Pulmonary rehabilitation (to achieve optimum fitness) can reduce symptoms and improve function. Controlled oxygen therapy for more than 15 hours a day has been shown to increase survival significantly.

Smoking cessation is the single most effective intervention to reduce the risk of further development. Cessation of smoking may slow the decline in lung function to normal levels of decline in a relatively short time. This would not affect the prognosis of moderate and severe disease because the damage is done, but may improve the prognosis in mild disease.

The prognosis in moderate and severe COPD therefore, is likely to be life-long with consequent care and mobility needs, which will not improve as the disease is progressive and the person is likely to gradually deteriorate.

COPD (chronic bronchitis and emphysema)

At first the only symptom for many years may be a “smoker’s cough”.

This symptom progresses to cough with sputum, wheeze and breathlessness. Chest infections occur more and more regularly with colds causing the production of sputum. These infections increase in severity and duration until a cough is constantly present.

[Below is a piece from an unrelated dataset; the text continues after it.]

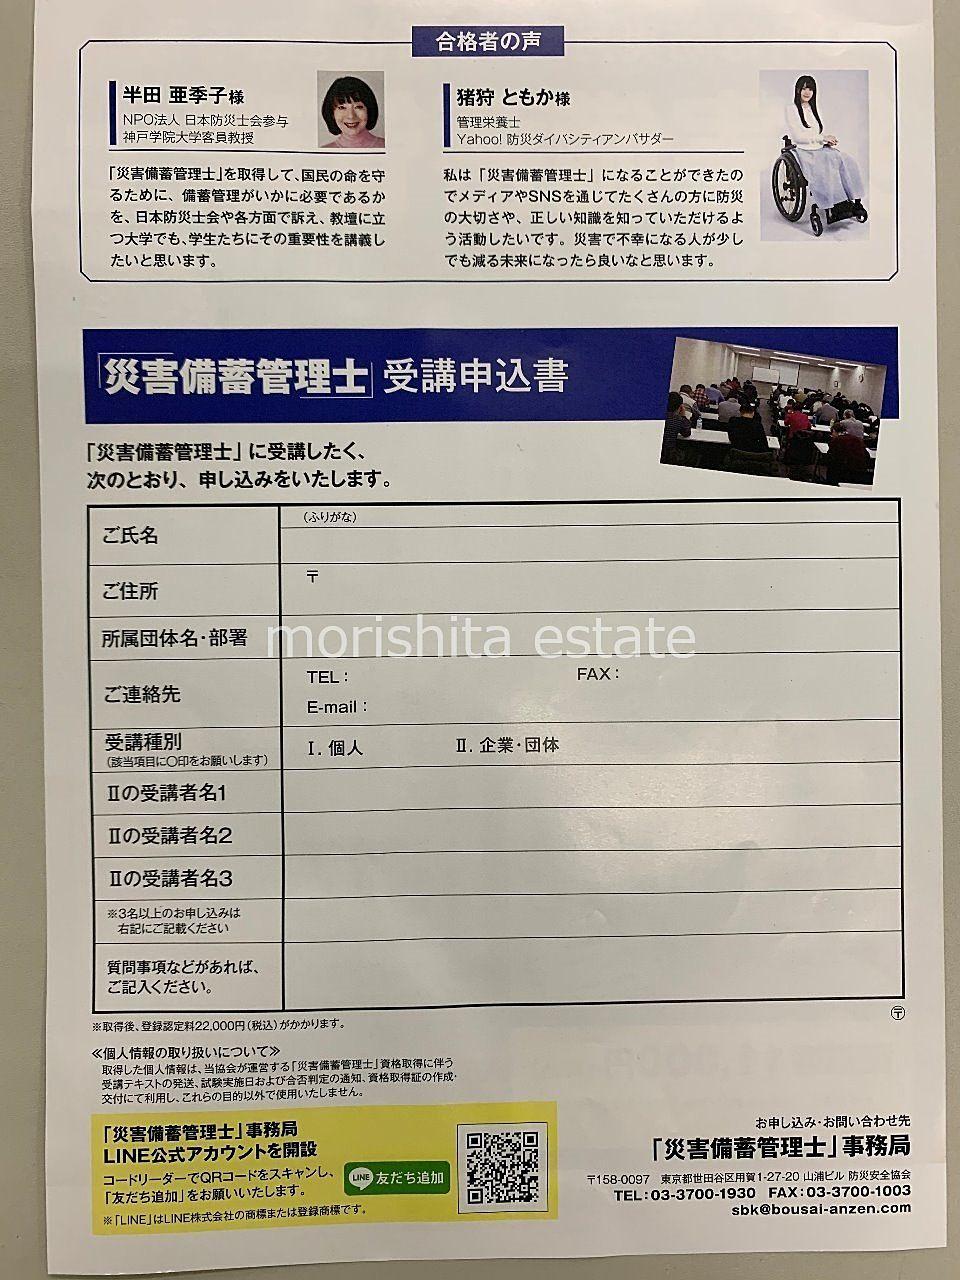 災害備蓄管理士 オンライン受講 WEB試験 資格 写真
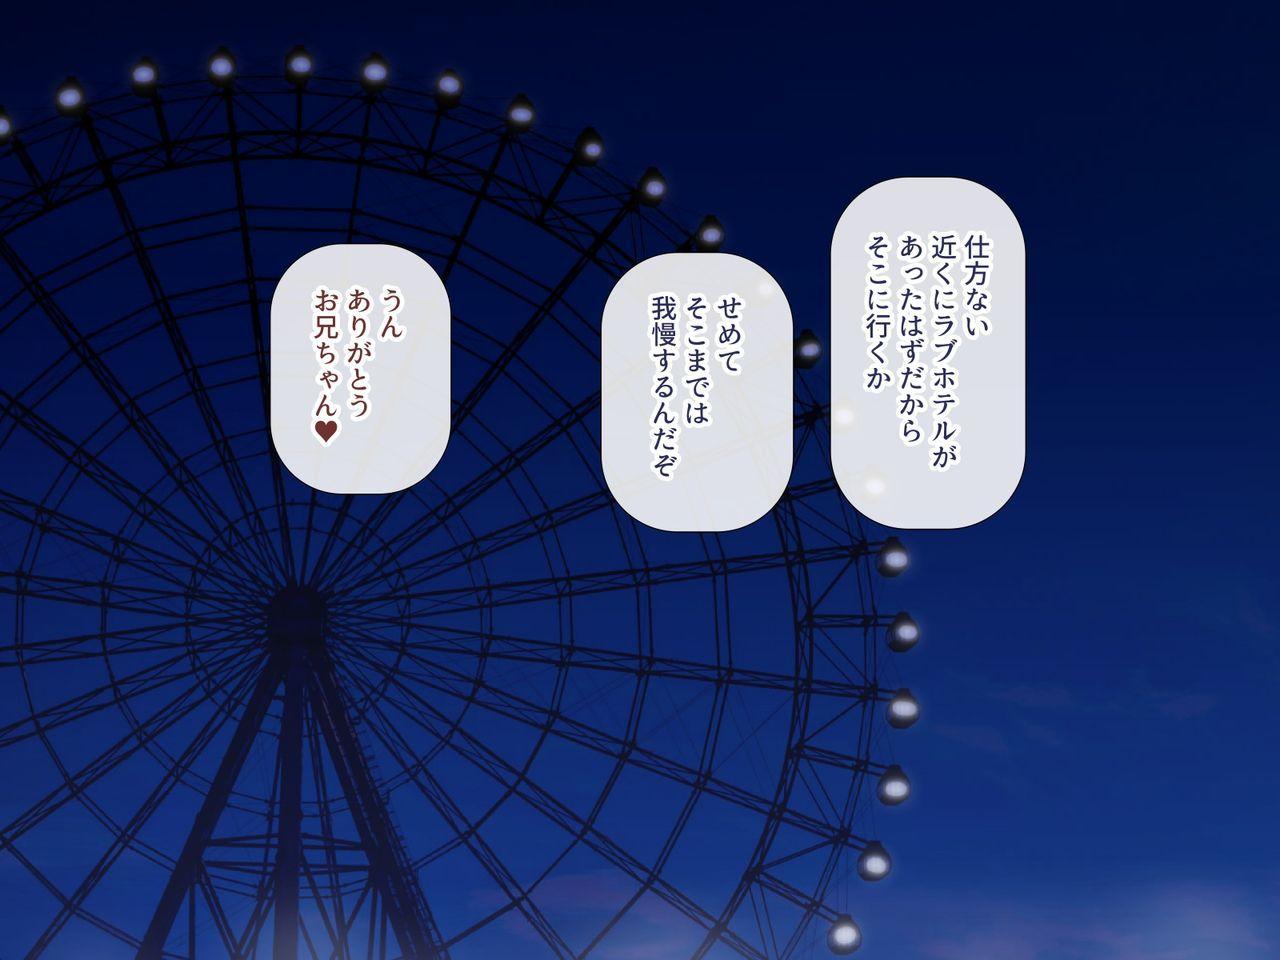 Uchiki na Jyumai ga Ore no Tame ni Karada o Kitaeta Kekka 69

With progression of the disease, the person experiences increasing breathlessness on exertion.

With advanced disease, breathlessness becomes severe and occurs at rest and normally affects all aspects of daily life. At end-stage disease, the person is bed-bound or chair-bound and likely to be on oxygen for several hours a day. It is a chronic, slowly progressive disorder with little variation over a period of time.

Bronchodilator therapy may help the degree of airflow obstruction to some extent as most patients have some degree of asthmatic-type responsiveness to bronchodilators. 20-30% of patients improve somewhat when given a course of steroids and inhaled corticosteroids may be indicated. Long- term oral corticosteroid treatment should normally be avoided.

The disease is regarded as being progressive, with a continuous steady decline in lung function.

In all cases - Indefinite award

Emphysema

The best predictor of survival is the FEV1 after bronchodilator use.

Emphysema gradually develops over a number of years.

People with emphysema have great difficulty in exhaling (breathing out). Symptoms such as shortness of breath (sometimes associated with wheeze) occur initially on exertion and then as the disease progresses with little exertion and ultimately at rest. The person eventually may not be able to carry out basic activities in a normal fashion.

With advanced disease, breathlessness becomes severe and occurs at rest and normally affects all aspects of daily life.

At end-stage disease, the person is bed-bound or chair-bound and likely to be on oxygen for several hours a day.

It is a chronic, slowly progressive disorder with little variation over a period of time.

Bronchodilator therapy may help those who have a tendency to airways constriction.

Some patients improve somewhat when given a course of steroids and inhaled corticosteroids may be indicated. Long-term oral corticosteroid treatment should be avoided.

No medication has been shown to restore lost lung function.

In all cases - Indefinite award

All information must be taken into account when considering the duration of disabling effects and the duration of disabling effects must be based on the particular circumstances of the individual claimant.